The dredger fill has the limitations of high water content, high pore ratio, high compressibility, low permeability, low bearing capacity and the like, and the dredger fill has a single sorting form caused by the dredger fill process, so that a series of serious engineering geological problems such as later-stage uneven settlement, ground settlement cracking, secondary geological disasters and the like are likely to be caused, and the structural stability and the long-term use safety of various overground and underground structures are threatened. Therefore, it is necessary to develop a device and a system for monitoring the sediment uniformity in a hydraulic reclamation area to solve the existing problems.
Therefore, a blowing and filling device, a monitoring system and a method for the sediment uniformity of a blowing and filling area are designed to solve the problems.
Disclosure of Invention
The invention aims to solve the problems of poor sediment accumulation distribution and low sorting property of the traditional hydraulic filling method in the prior art, and provides a hydraulic filling device, a monitoring system and a method for sediment uniformity in a hydraulic filling area, so as to improve the uniformity and efficiency of sediment accumulation in the hydraulic filling area in the hydraulic filling process.
In order to achieve the above purpose, the present invention adopts the following technical scheme:
The utility model provides a dredger fill district silt homogeneity hydraulic reclamation device, includes the hydraulic reclamation mouth of pipe, the hydraulic reclamation mouth of pipe is connected the play mud mouth of upstream mud pipe, and the hydraulic reclamation mouth of pipe outside is restrained fixedly through the mounting, the upper and lower, left and right direction of mounting all sets up a dead lever, and the upside install first motor on the dead lever, the downside install the second motor on the dead lever, the left side install the third motor on the dead lever, the right side install the fourth motor on the dead lever, first motor, second motor, third motor and fourth motor all with be connected with the haulage rope between the play mud mouth.
In the invention, the front end of the hydraulic filling pipe orifice is connected with the mud outlet through a plurality of hard springs.
In a further preferred aspect of the invention, the hydraulic filling pipe orifice and the mud outlet are wrapped by a light hose, and the hard spring is positioned in the light hose.
In the invention, it is further preferable that pulleys are installed on one sides of the output ends of the first motor, the second motor, the third motor and the fourth motor, and the traction ropes are arranged on the pulleys in a penetrating manner.

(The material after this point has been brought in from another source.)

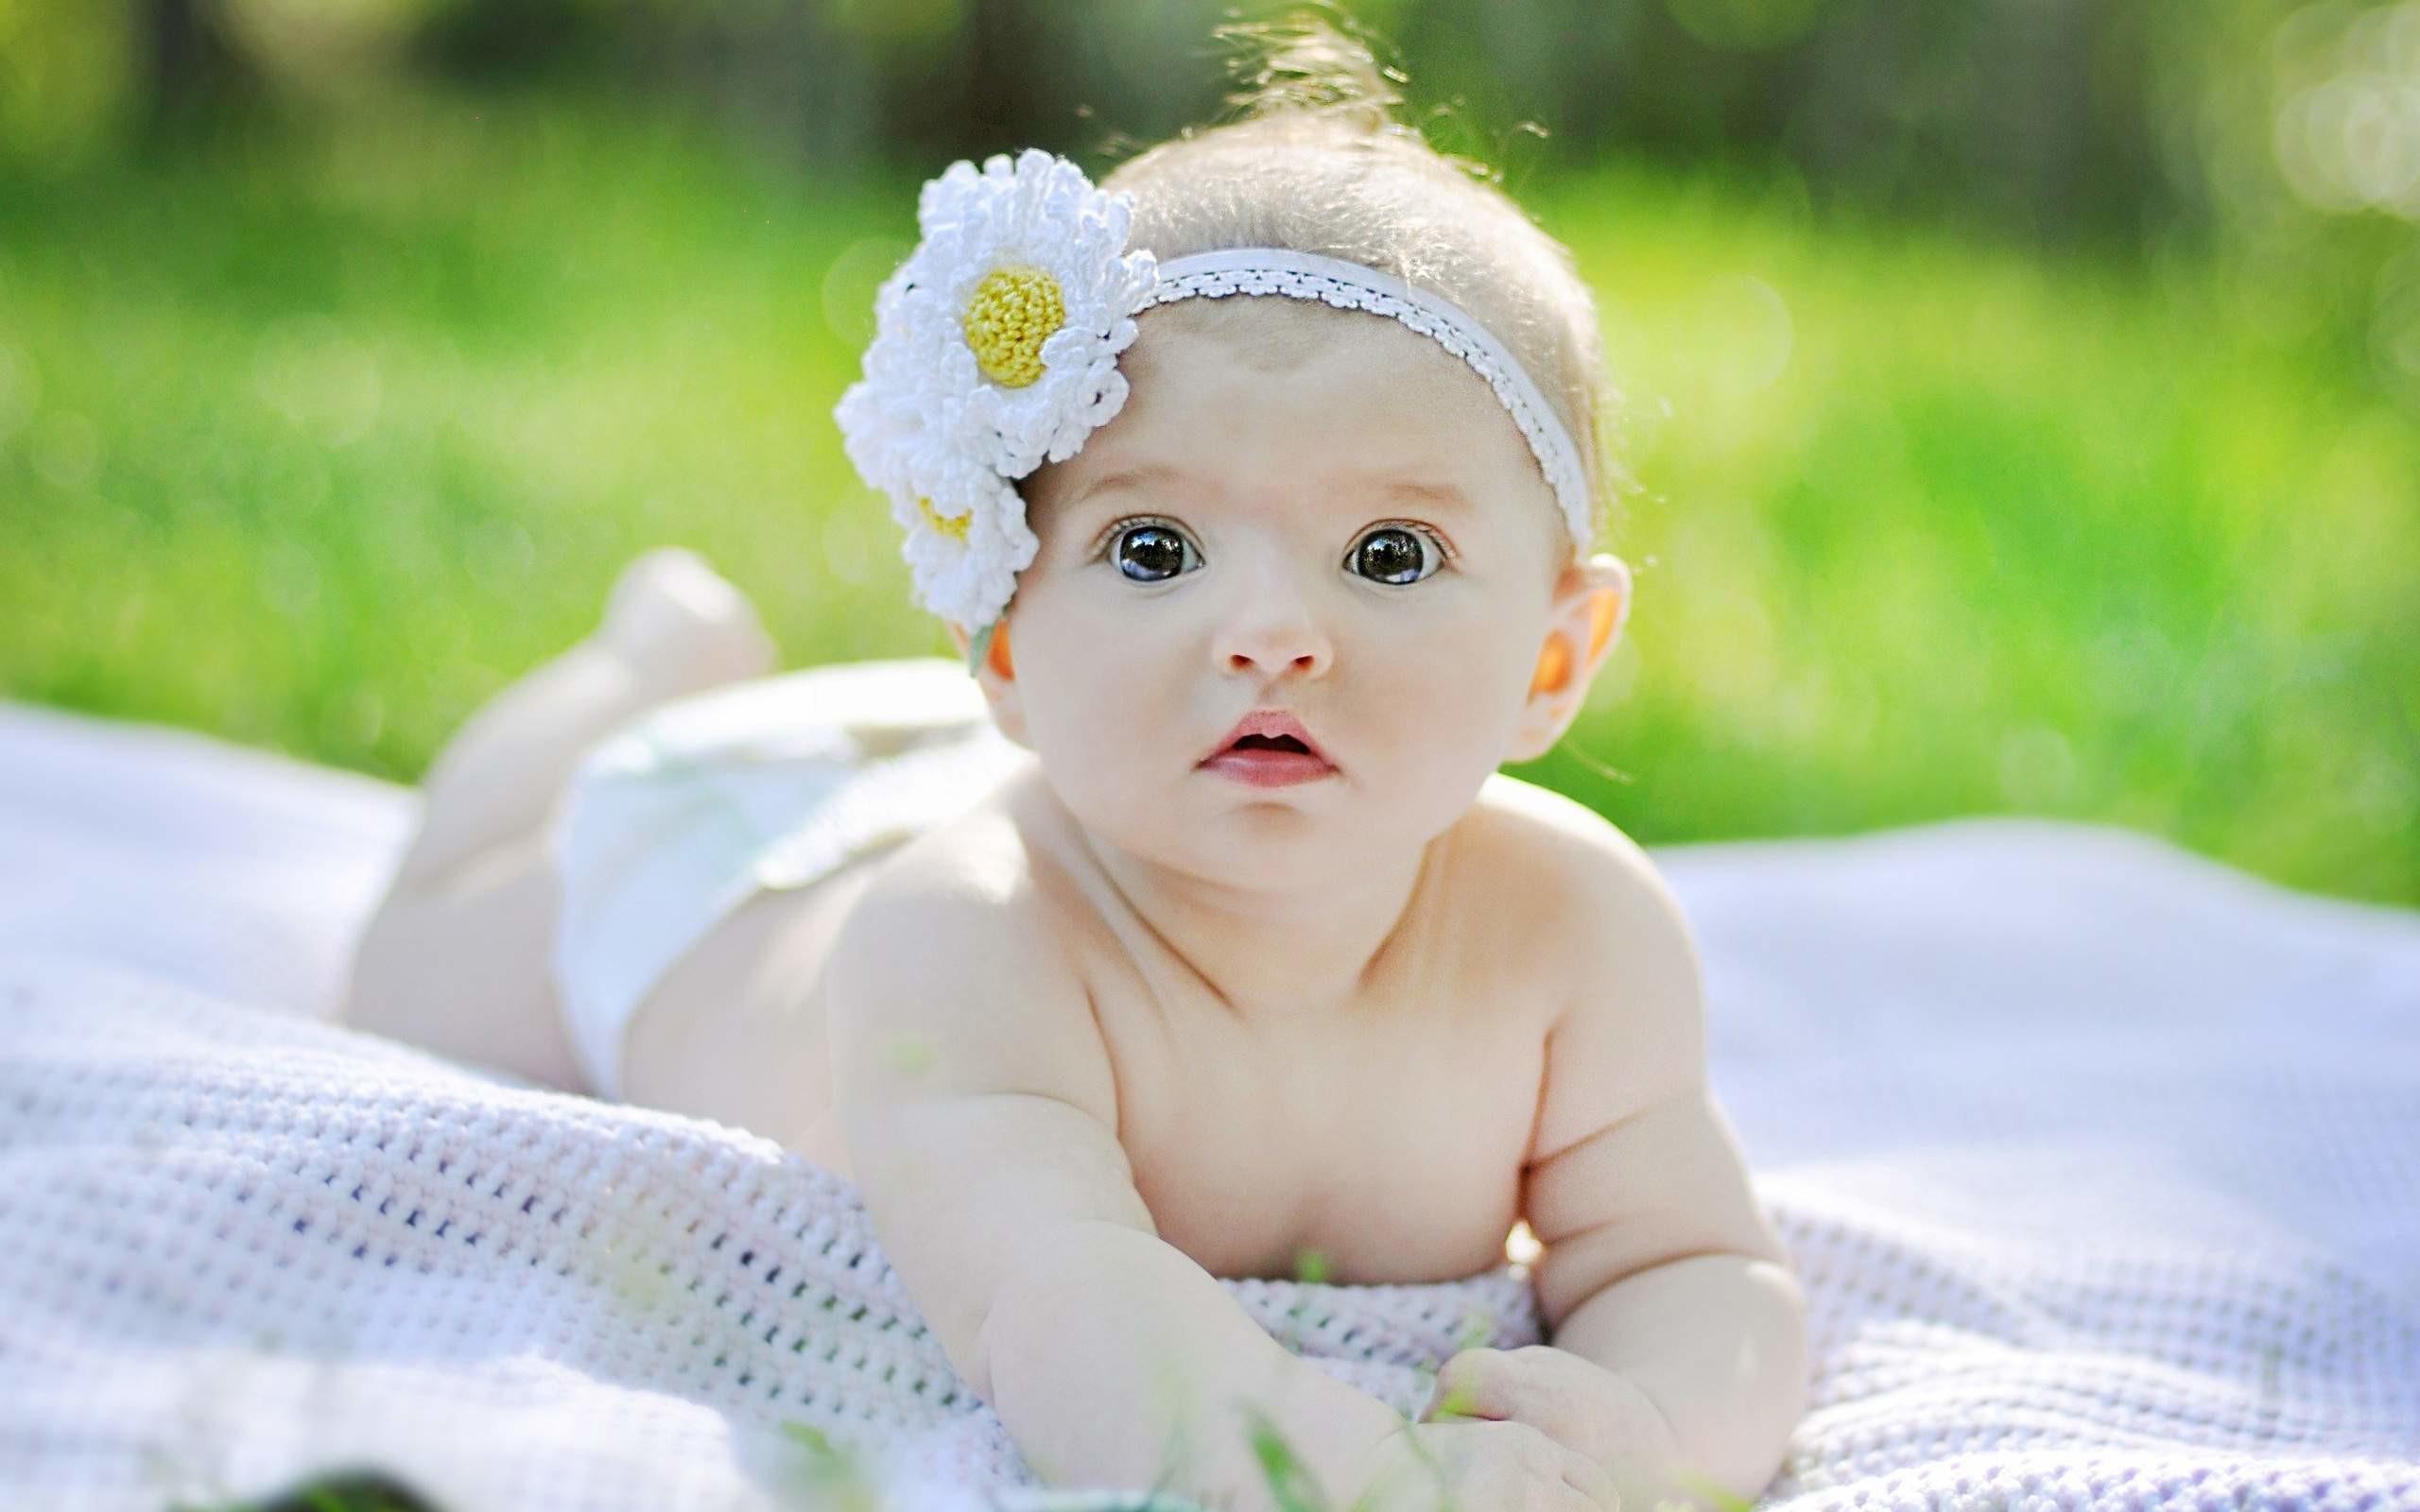 Smiling Cute Babies Wallpaper 62 Images

A monitoring system applied to a sediment uniformity hydraulic reclamation device in a hydraulic reclamation area comprises a topography measurement module and a siltation distribution synthesis unit integration platform:
the topography measurement module for detecting sampling point fouling thickness comprises: a topography gauge for acquiring water depth data and a position gauge for acquiring position data;
The fouling distribution synthesis unit integration platform for data summary analysis comprises:
The size module is used for setting a blowing and filling area range grid;
the system editing module is used for setting the grid number of the hydraulic reclamation area;
The angle control module is used for setting the initial angle of the mud outlet;
a siltation distribution module for obtaining a siltation distribution map according to the summarized data of the unification module;
The separation module is used for obtaining regional sediment separation indexes according to the data of the siltation distribution map;
and the angle moving module is used for obtaining the moving angle of the mud outlet according to the regional sediment sorting index.

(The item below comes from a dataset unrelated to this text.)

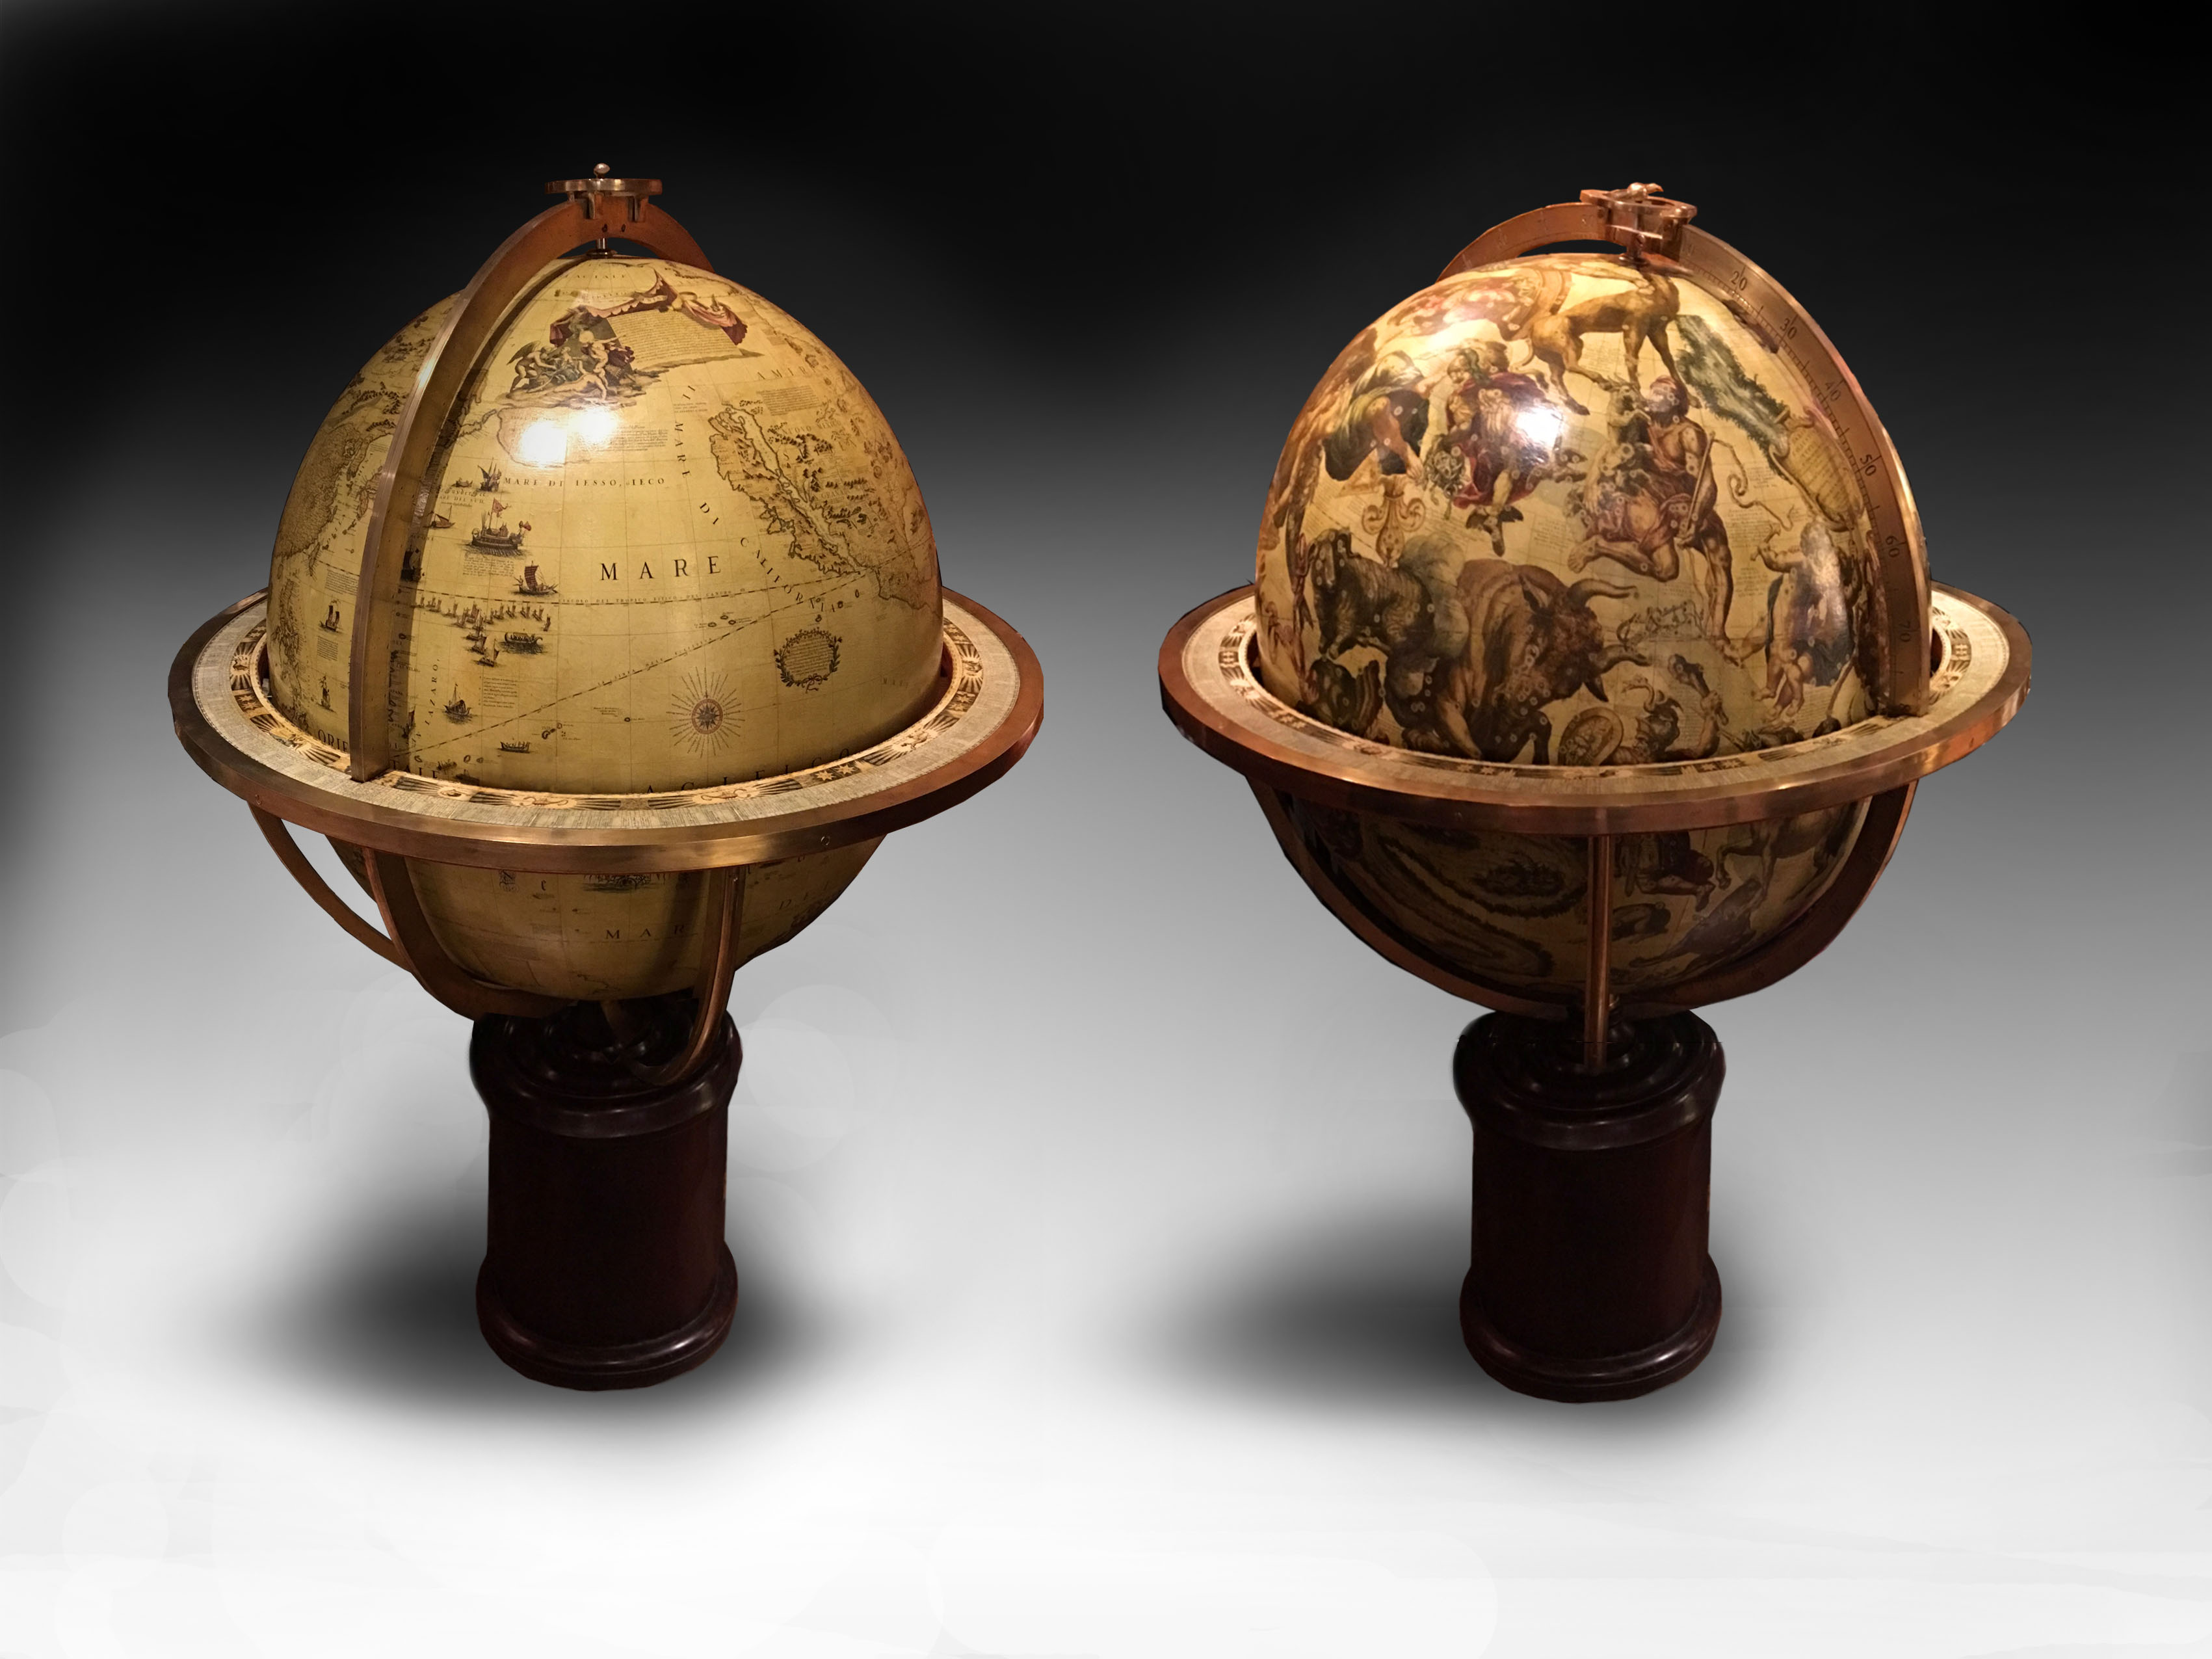 Coronelli, 'Terrestrial and Celestial Globes', 1688 & 1693. Photo: Globemakers.com

In a further preferred aspect of the present invention, the topographic survey meter employs a depth finder and is equipped with a data sensor for transmitting topographic data to the integrated platform of the siltation distribution and synthesis unit; the position measuring instrument adopts a theodolite, and is provided with a data sensor to transmit the position coordinates of the longitude and latitude of the sampling point to the integrated platform of the siltation distribution synthesis unit.

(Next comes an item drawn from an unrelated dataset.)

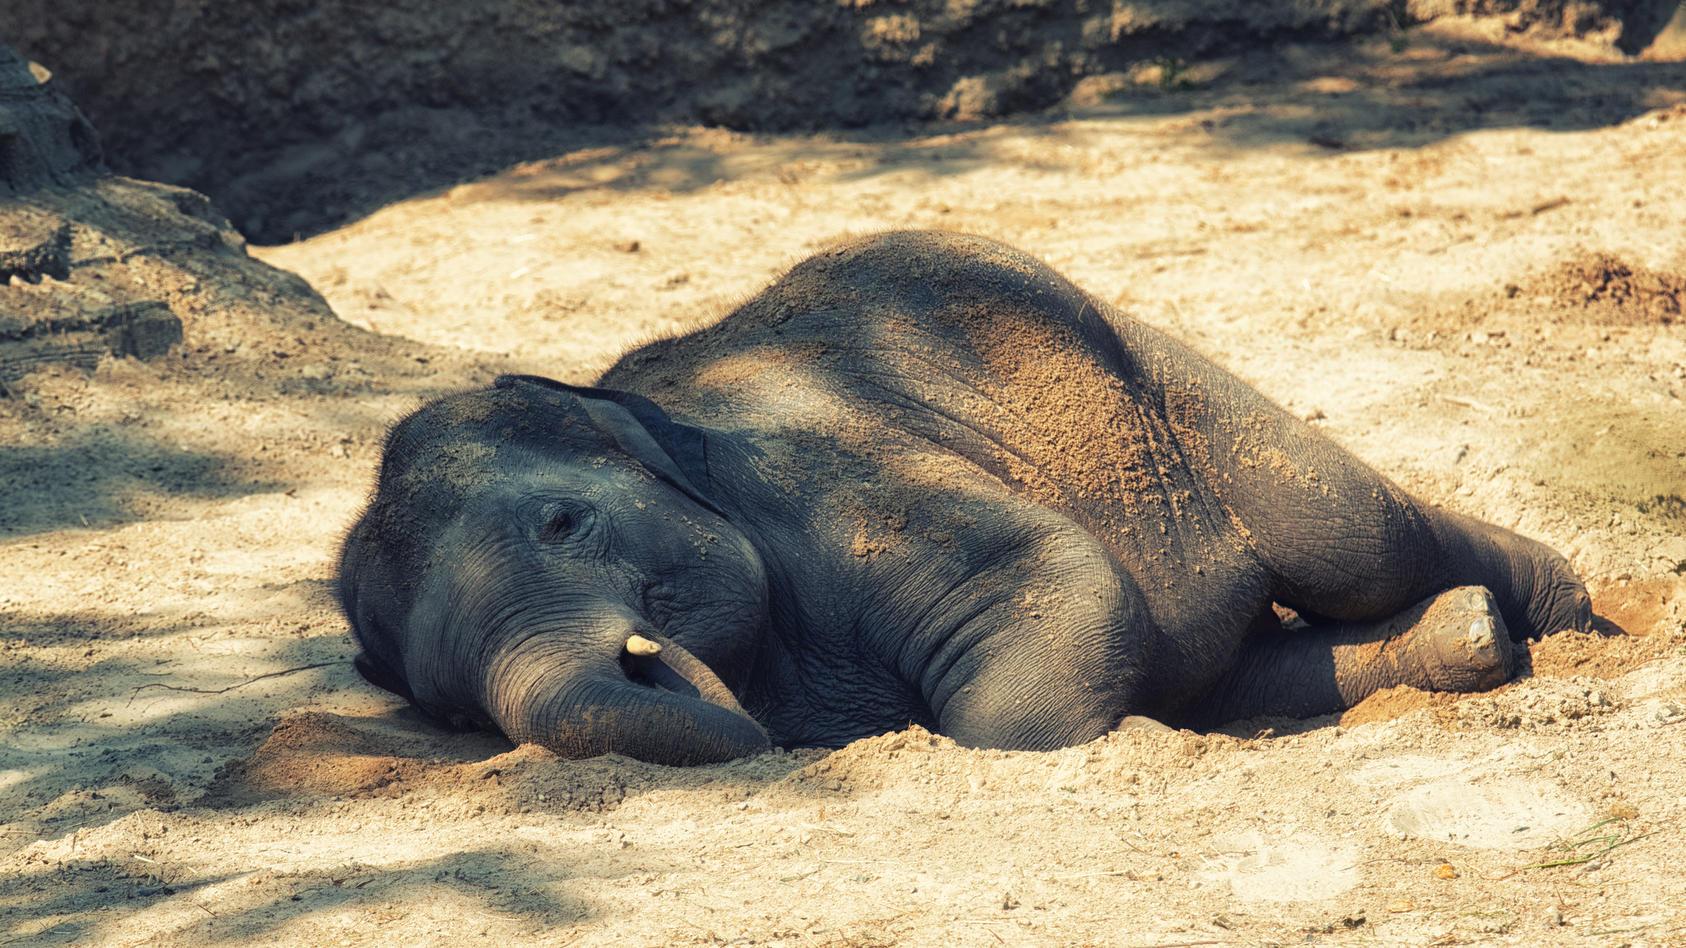 Warum sterben in Botsuana so viele Elefanten?

A method for using a dredger fill device and a monitoring system for sediment uniformity in a dredger fill area comprises the following steps:
Step S1, defining a hydraulic filling range, setting orthogonal grids by utilizing a size module, numbering each grid node on the orthogonal grids by utilizing a systematic editing module, setting a terrain measurement module in the central point area of each grid node of the orthogonal grids, connecting and fixing the terrain measurement modules by using cables, detecting and acquiring the terrains of the single grid node by using the terrain measurement module, and transmitting acquired data of the terrain measurement module to a master control console by using the cables;
Step S2, fixing a fixing piece on a blowing and filling pipe orifice, and supposing that the lengths of a first motor, a second motor, a third motor and a fourth motor from the fixing piece are a, the distance from the fixing piece to the center point of a hard spring is b, the length from the center point of the hard spring to the end point of a traction rope is c, and installing a blowing and filling device for sediment uniformity in a blowing and filling area;
Step S3, a two-dimensional coordinate system is set by taking a mud outlet as an origin of a plane coordinate system, the coordinates of a single grid node are (x, y), when y is more than 0, the third motor is powered off, the fourth motor rotates to pull the traction rope, the mud outlet is deviated to the direction of the grid node, and the length of the fourth motor for pulling the traction rope is obtained by the following formula for the grid node:
assuming that the length of the pulling traction rope is k when the fourth motor rotates for one circle, the number of rotation turns of the fourth motor is: ;
when y is less than 0, the fourth motor is powered off, the third motor rotates, and the length of the third motor for pulling the traction rope is as follows:
assuming that the length of the pulling rope is k when the third motor rotates for one circle, the number of rotation turns of the third motor is as follows: ;
S4, an angle control module in the integrated platform of the siltation distribution synthesis unit sends a regulation and control instruction to an angle movement module according to the rotation number result of the third motor and the fourth motor calculated in the step S3, regulates and controls the rotation number of the third motor and the rotation number of the fourth motor, adjusts the movement angle of a mud outlet, and performs sediment hydraulic filling operation on a single grid node;
And S5, calculating the total blowing and filling amount of the current day according to the blowing and filling plan of the current day, setting a blowing and filling target of the current day, and carrying out blowing and filling operation tasks of sediment uniformity of a blowing and filling area on single grid nodes in the orthogonal grids one by one according to the steps S1 to S4.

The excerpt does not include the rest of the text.